• _INFORMATION SHOWN_:
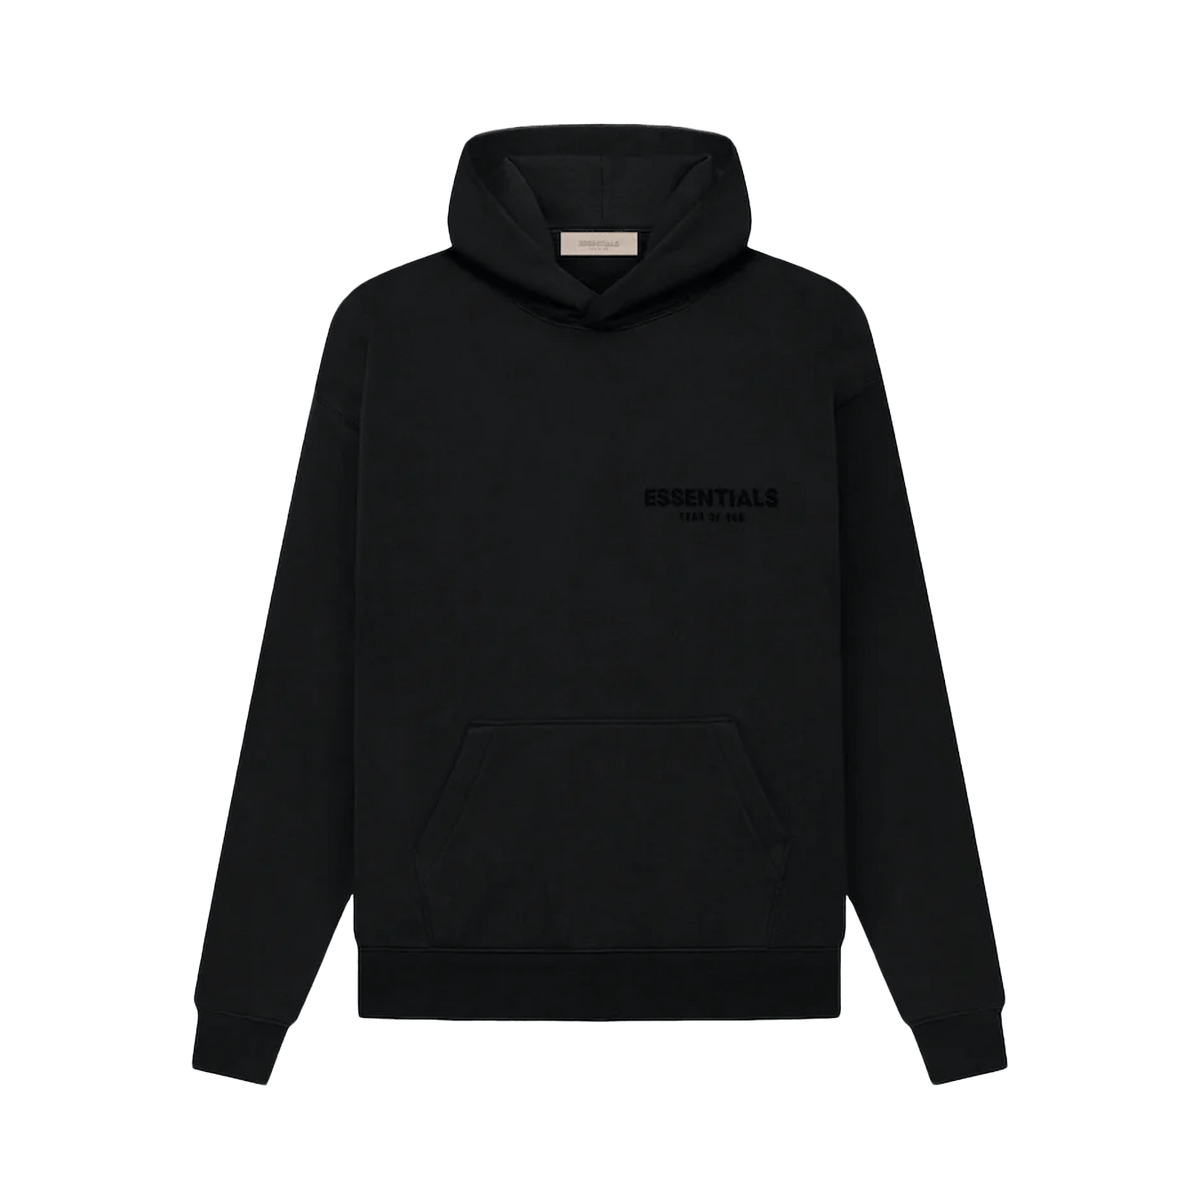 ugg telfar collab boots tote bag hoodies fall 2021 release Essentials Hoodie 'Stretch Limo' (SS22) - CerbeShops
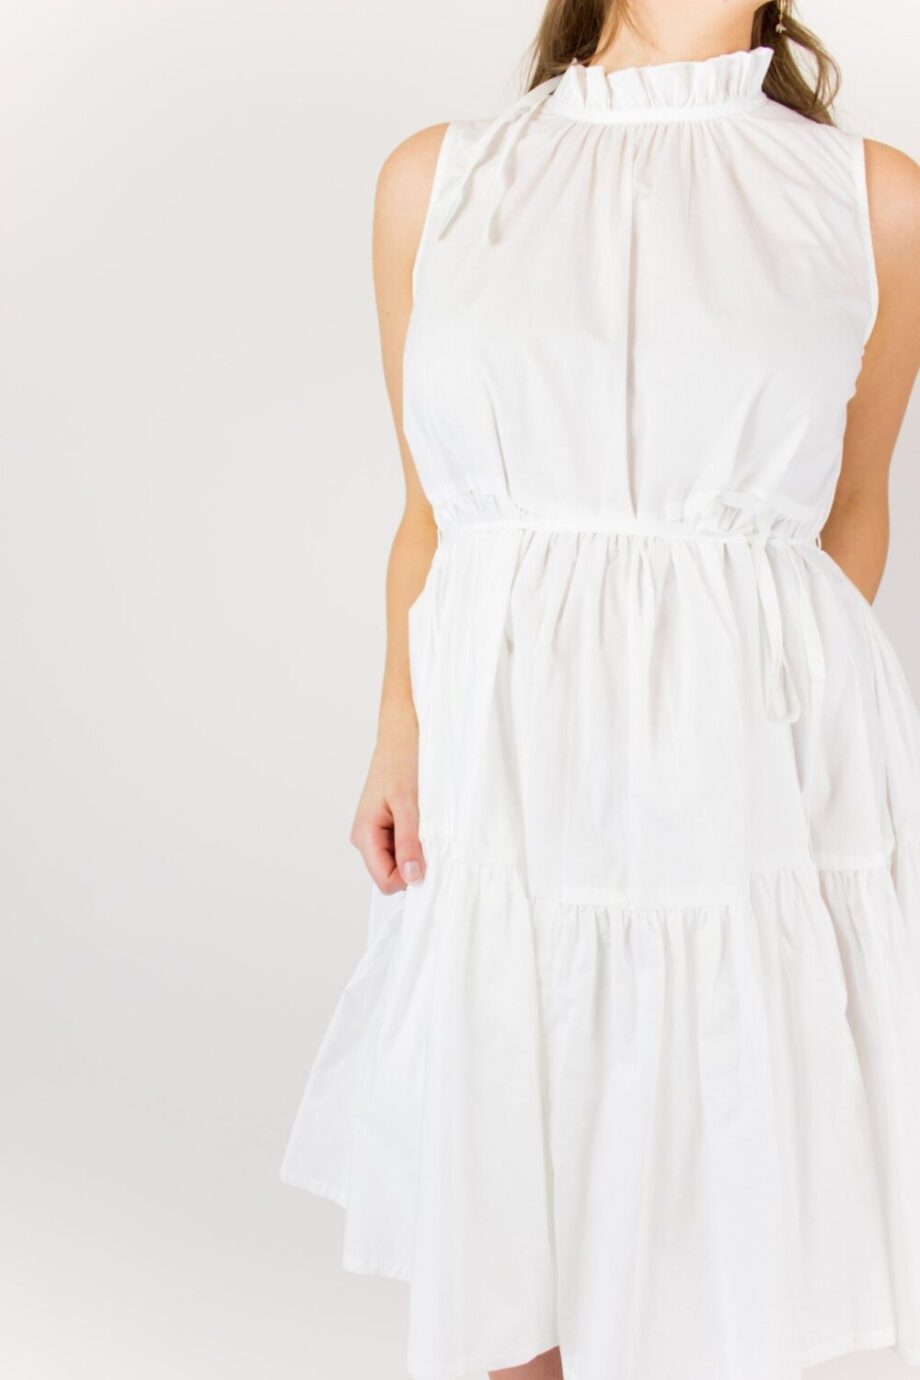 closeup French Connection white short dress
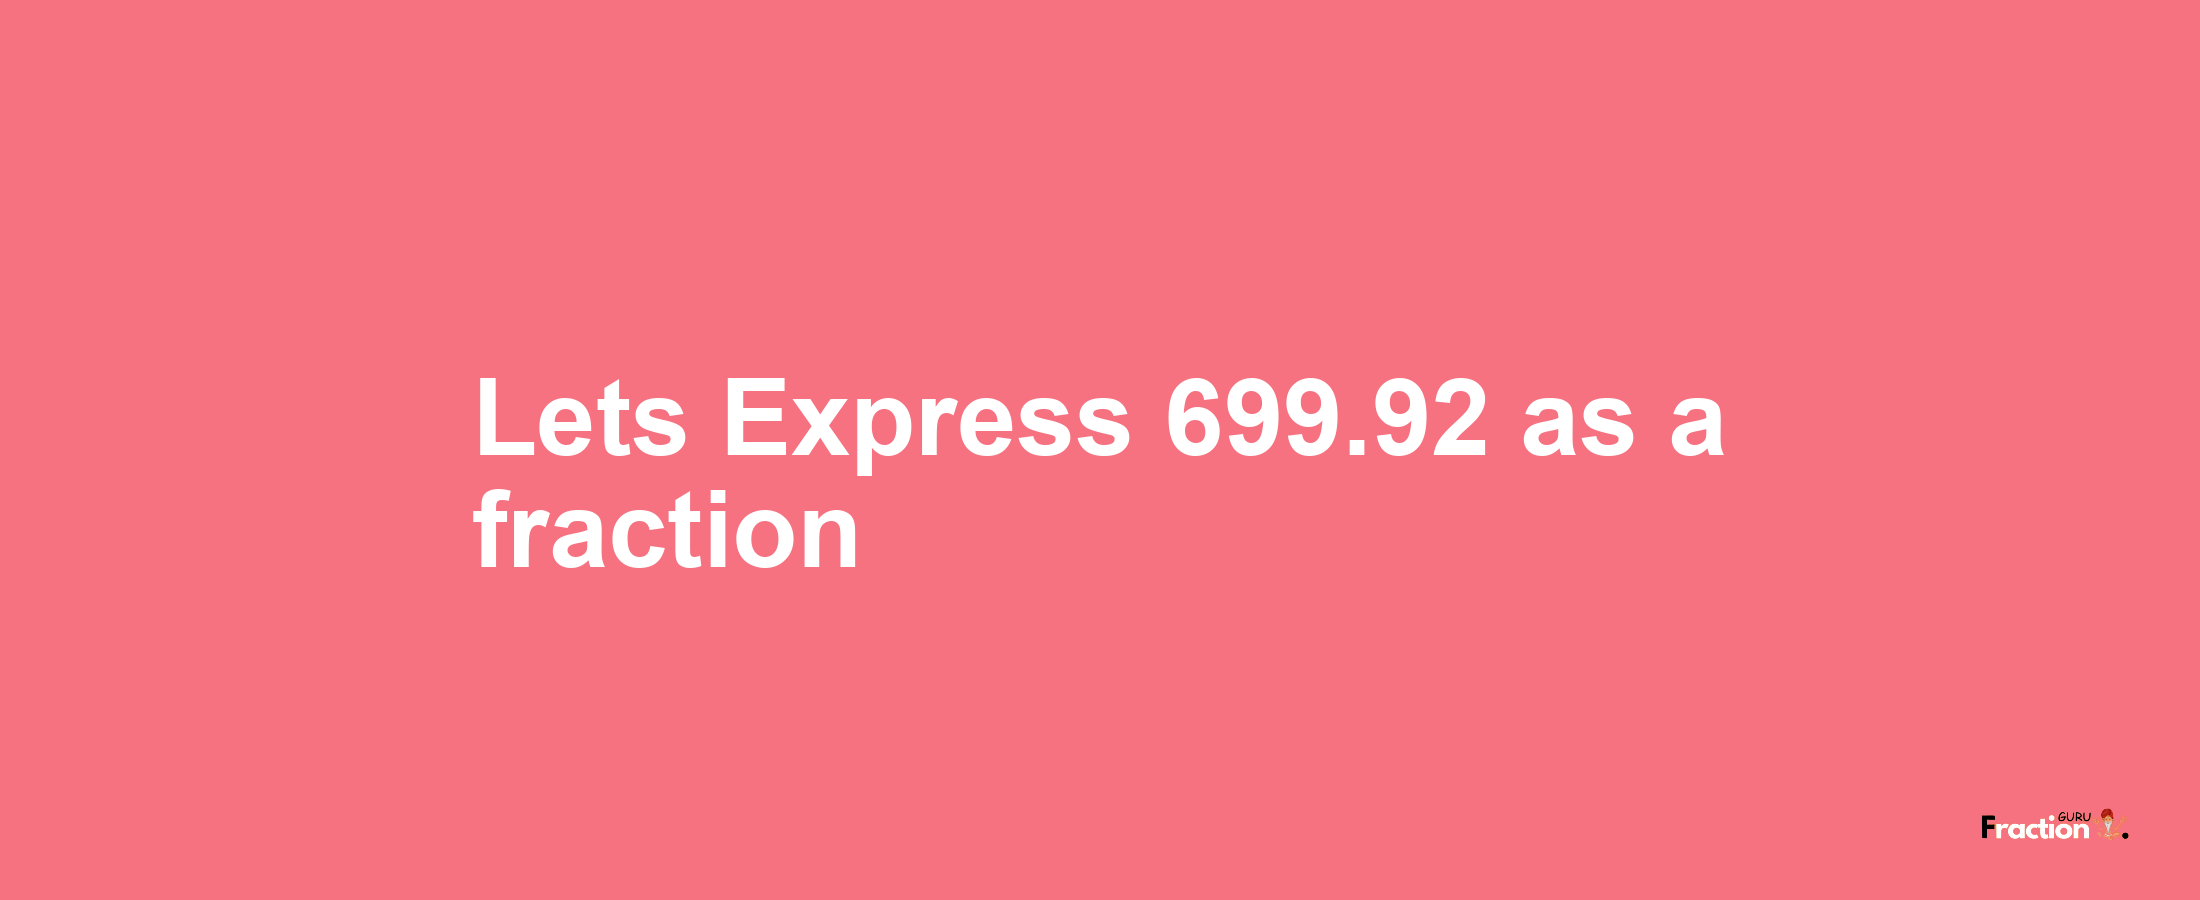 Lets Express 699.92 as afraction

• _WHAT IS NEEDED_: Leave the pictures out, and please copy only the lines from the one with "closeup French Connection white short dress" through the end of the listing.

• _RESPONSE BOX_:
 closeup French Connection white short dress
 Lets Express 699.92 as afraction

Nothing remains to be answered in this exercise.